“A fronte di una media di 5.000 chiamate giornaliere generate da una metropoli come Milano (3,5 milioni di persone), con l’emergenza coronavirus ne abbiamo ancora oggi oltre 10.000. Il 23 febbraio si è toccato il picco di quasi 50.000 per la sola Regione Lombardia…”, entra subito nel vivo del problema Francesco Silanos, Business Unit Manager – Emergency Management di Beta 80, azienda che gestisce circa l’80% delle centrali operative del 112 in Italia (oltre a quelle di altri numeri di emergenza), per farci capire lo tsunami che in questi giorni ha investito anche queste centrali.
Già perché se gli ospedali, i pronto soccorso, i medici e gli infermieri sono stati, e sono tuttora, sottoposti a una pressione senza precedenti e sono in prima linea nel fronteggiare questa situazione, un ruolo cruciale lo hanno gli operatori dei call center di emergenza che devono prendere in carico le richieste di aiuto.

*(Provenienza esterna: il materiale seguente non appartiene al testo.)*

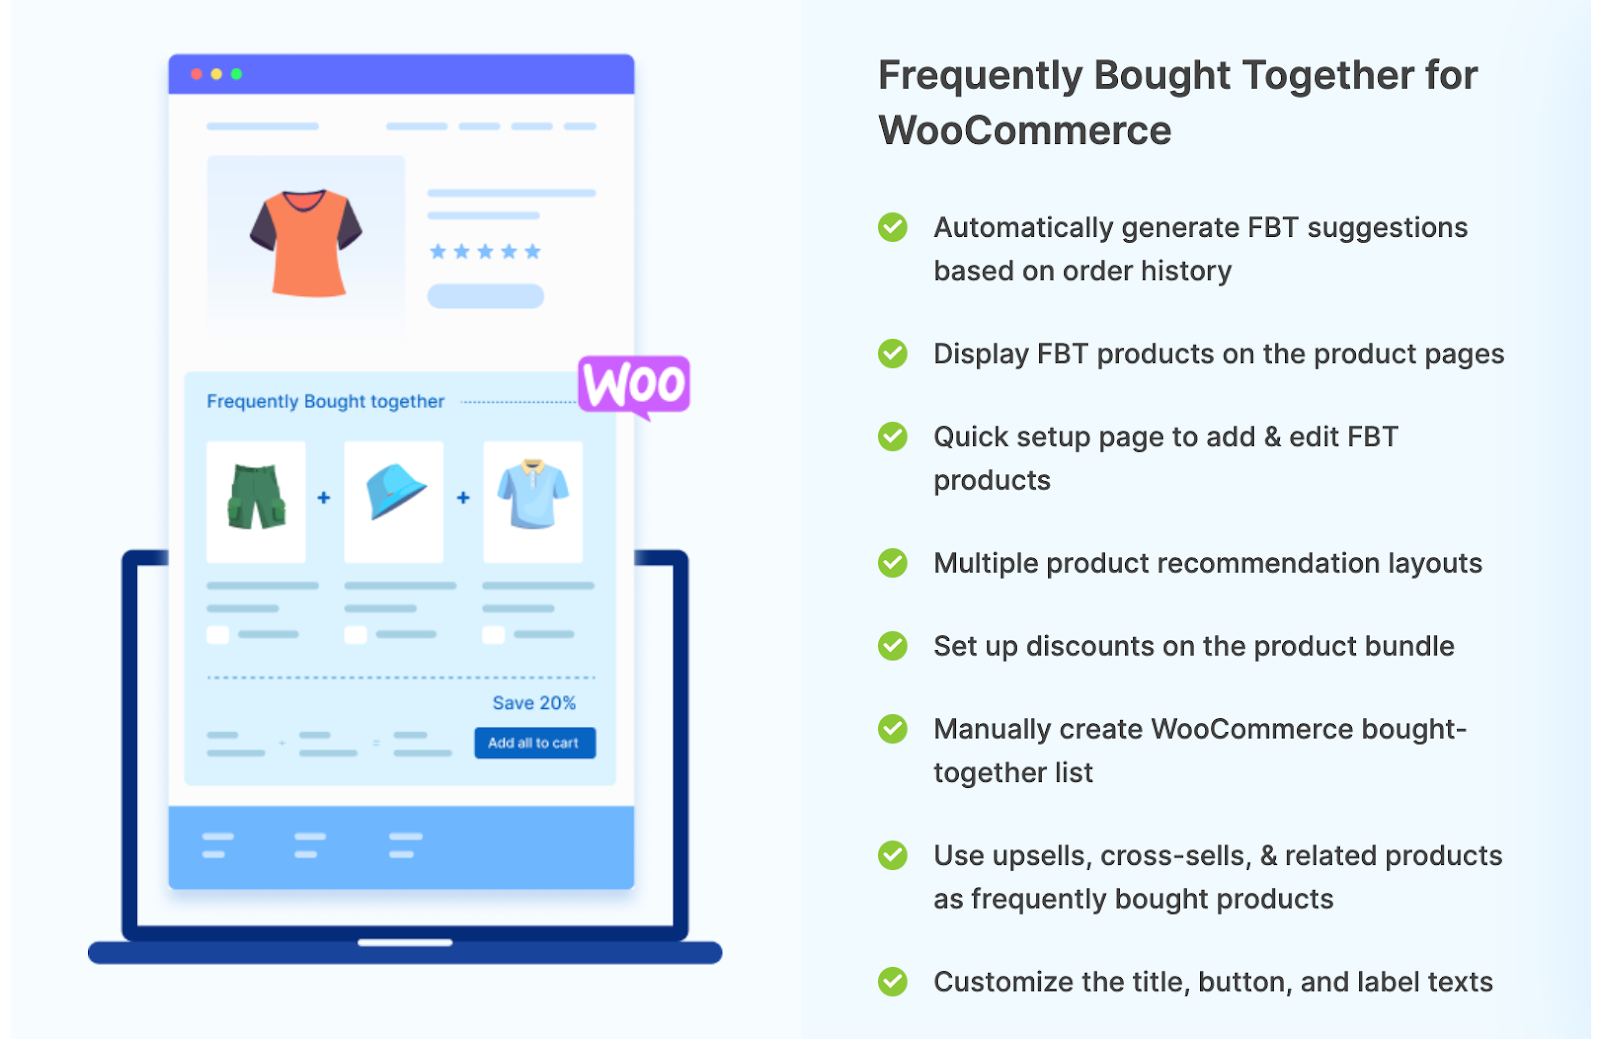 7. Frequently Bought Together for WooCommerce

“La prima conseguenza di questa situazione sul 112 – spiega Silanos – è stata l’iniziale incapacità di rispettare i tempi medi di risposta alle richieste di soccorso (bisogna ricordare che in media la lavorazione è di 40 secondi), perché non bisogna dimenticare che, oltre alle tantissime chiamate relative al Covid-19, continuano a esserci quelle che riguardano altri seri accadimenti che non possono essere trascurati (infarti, incidenti, traumi gravi)”.
A ciò va aggiunta la necessità di gestire al meglio l’indirizzamento delle chiamate per sfruttare le risorse disponibili in maniera ottimale: “In un momento in cui le strutture sanitarie lavorano in condizioni estreme non ci possiamo permettere, per esempio, di far partire un’ambulanza se non ci si trova in una situazione così critica da richiederla, oppure di non assegnare correttamente le priorità alle chiamate per patologie tempo-dipendenti”, precisa Silanos.
Gestire un’emergenza fuori dal comune
Più avanti vedremo cosa è esattamente il 112 e come operano queste centrali operative, ma quello che vogliamo capire con Silanos è come è stata fronteggiata la situazione in questo periodo e qual è stato il contributo dal punto di vista tecnologico: “In generale, l’impostazione dell’infrastruttura IT, in una logica di centralizzazione delle risorse di comunicazione e applicative, realizzata con un private cloud ad alta affidabilità, e la qualità del software sono alla base della gestione delle centrali operative, e hanno permesso in queste settimane di reagire alla crescita esponenziale dell’emergenza in modo agile e tempestivo”. Alcuni esempi possono essere di aiuto per capire meglio: “Il sistema di trabocco, cioè il sistema che permette di dirottare automaticamente l’intera gestione delle chiamate, da una centrale satura a una con disponibilità ricettiva, è stato sviluppato con l’obiettivo di renderle interoperabili in caso di picchi localizzati (ad esempio in caso di calamità naturali) e così è stato sfruttato in questo periodo, ma è diventato anche di fondamentale importanza quando una centrale in posizione strategica è stata contaminata dal Covid-19 ed è stato necessario chiuderla temporaneamente, sanificarla e poi riaprirla. Non era infatti neanche immaginabile lo scenario nel quale un terzo della Lombardia restasse senza 112 per 4 ore e di fatto, grazie al trabocco, non c’è stata alcuna interruzione, neanche minima del servizio”.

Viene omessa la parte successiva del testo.